DIRECTIONS FOR THIS TASK — All lines below starting at the one that holds "Bed 180x200 SIGMA" and ending at the one that holds "NordSlot logo" should be printed exactly, ends included. Pictures should not be printed, nor anything else.

DATASET RECORDS START

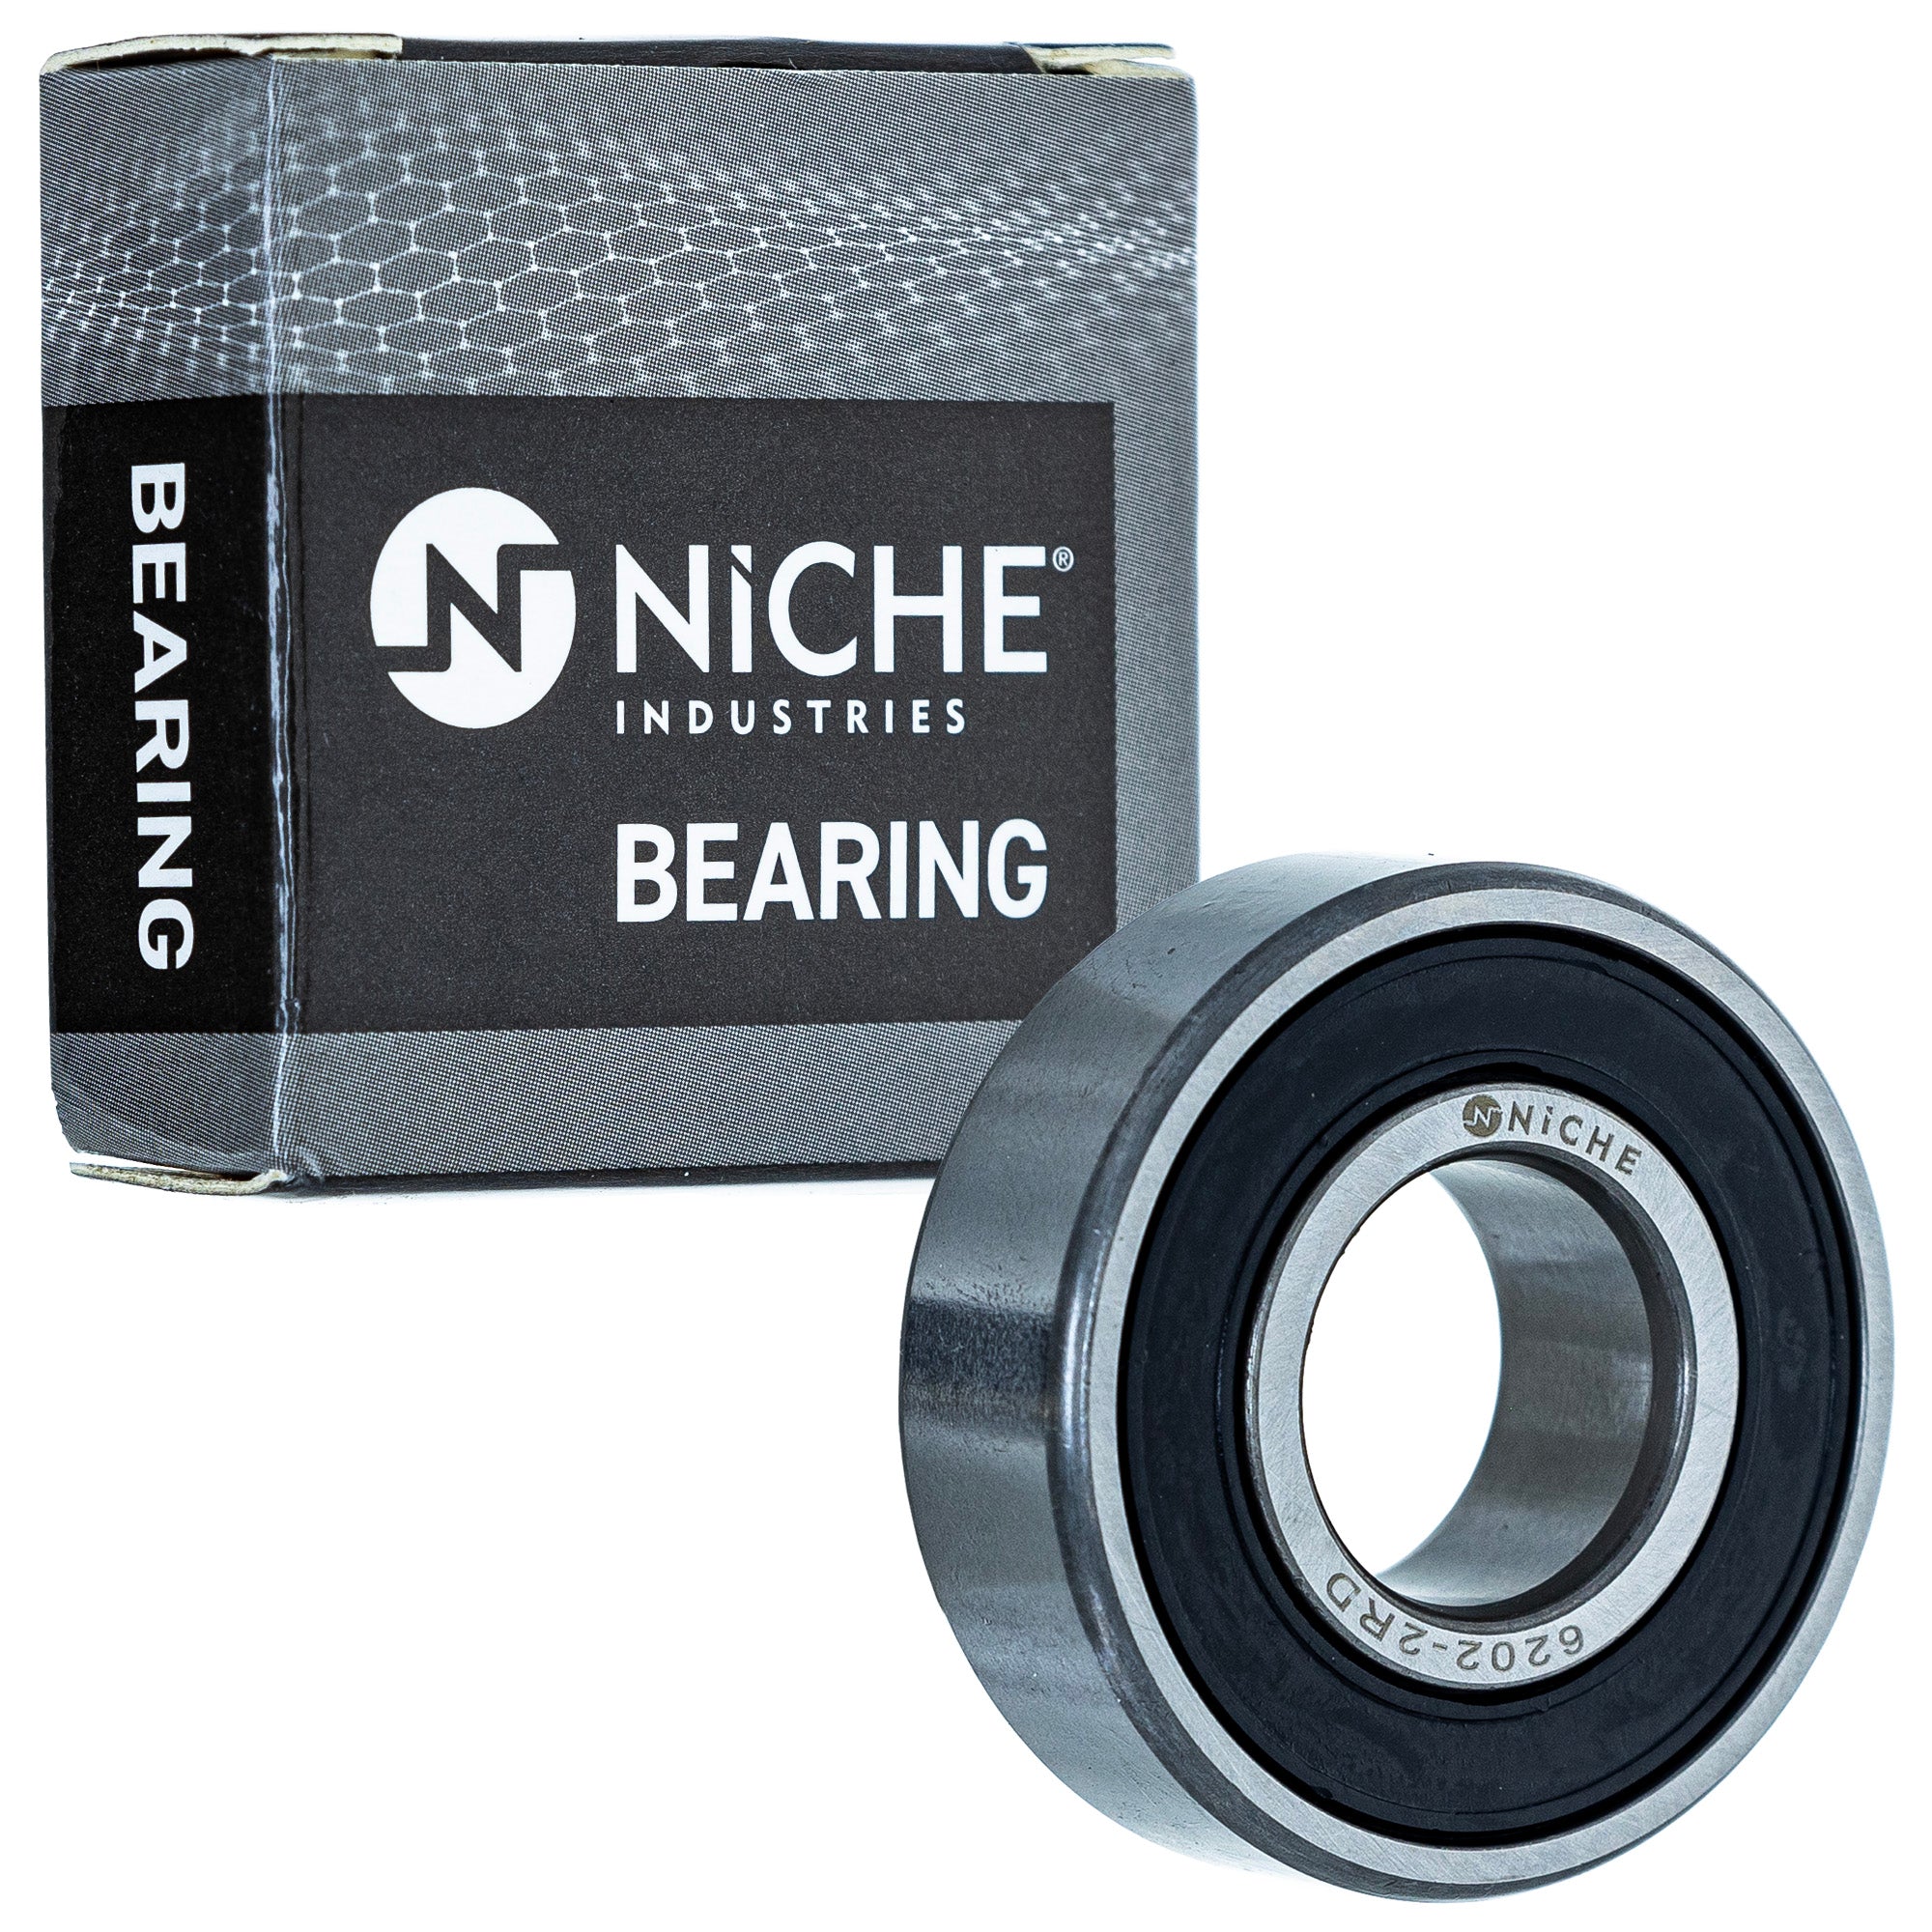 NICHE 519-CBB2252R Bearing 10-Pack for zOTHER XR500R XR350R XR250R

DATASET RECORDS END
DATASET RECORDS START

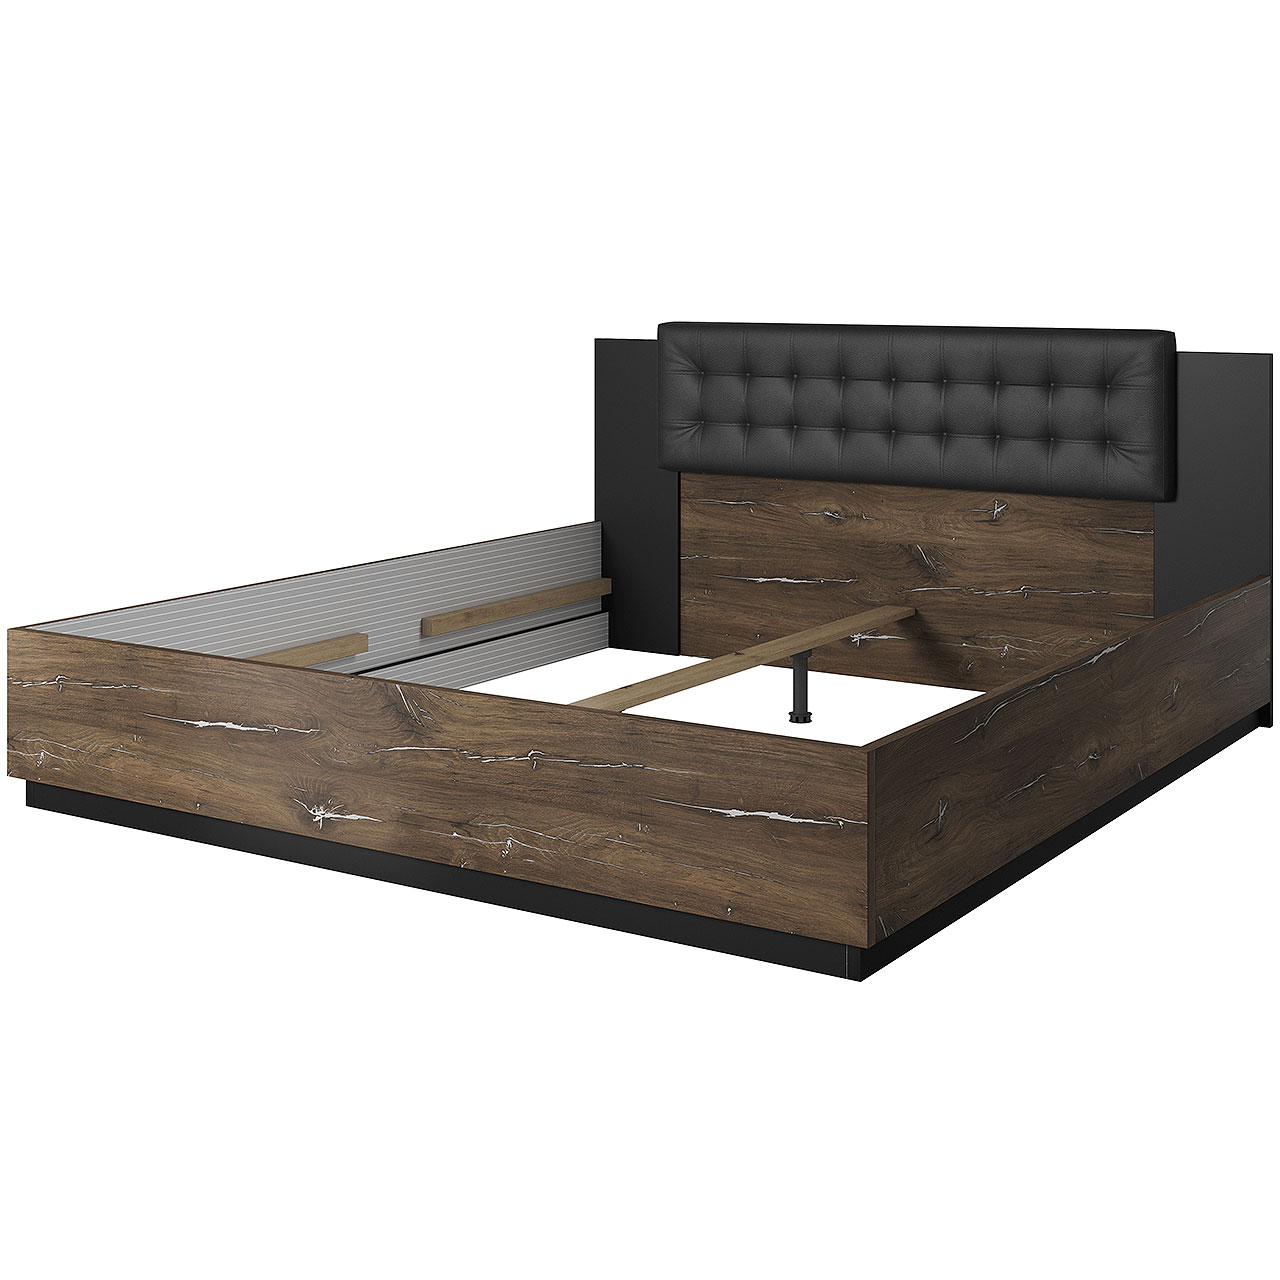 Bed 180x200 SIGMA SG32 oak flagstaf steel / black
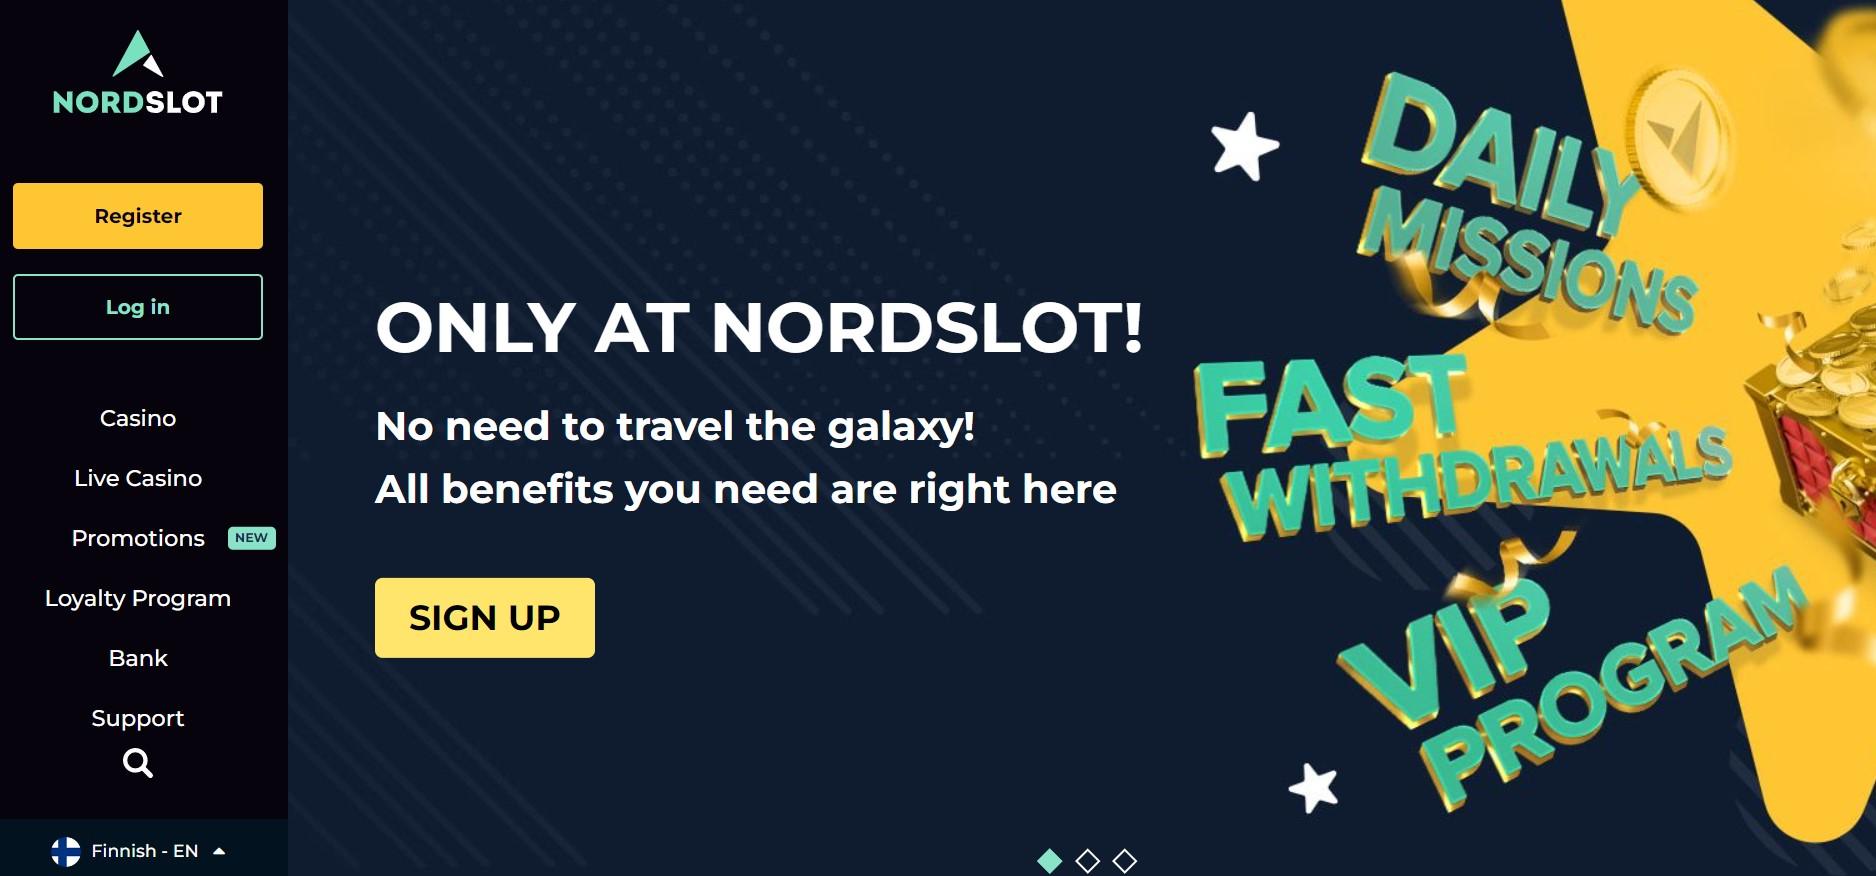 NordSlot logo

DATASET RECORDS END
DATASET RECORDS START

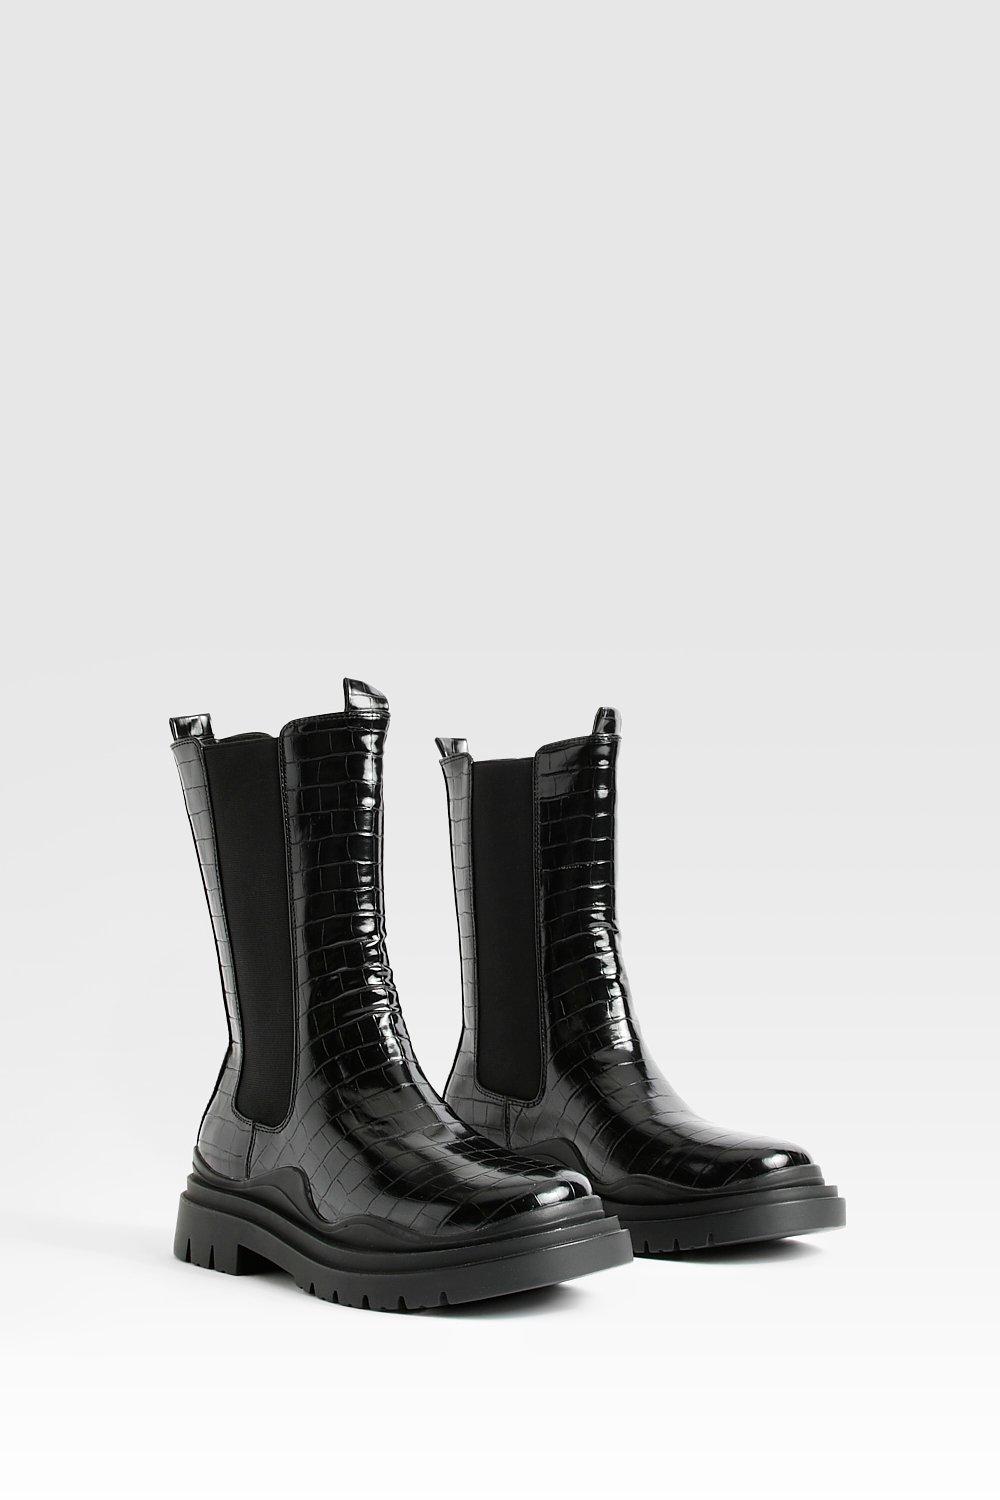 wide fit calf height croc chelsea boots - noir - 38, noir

DATASET RECORDS END

EXERCISE SOLUTION —
 Bed 180x200 SIGMA SG32 oak flagstaf steel / black
 NordSlot logo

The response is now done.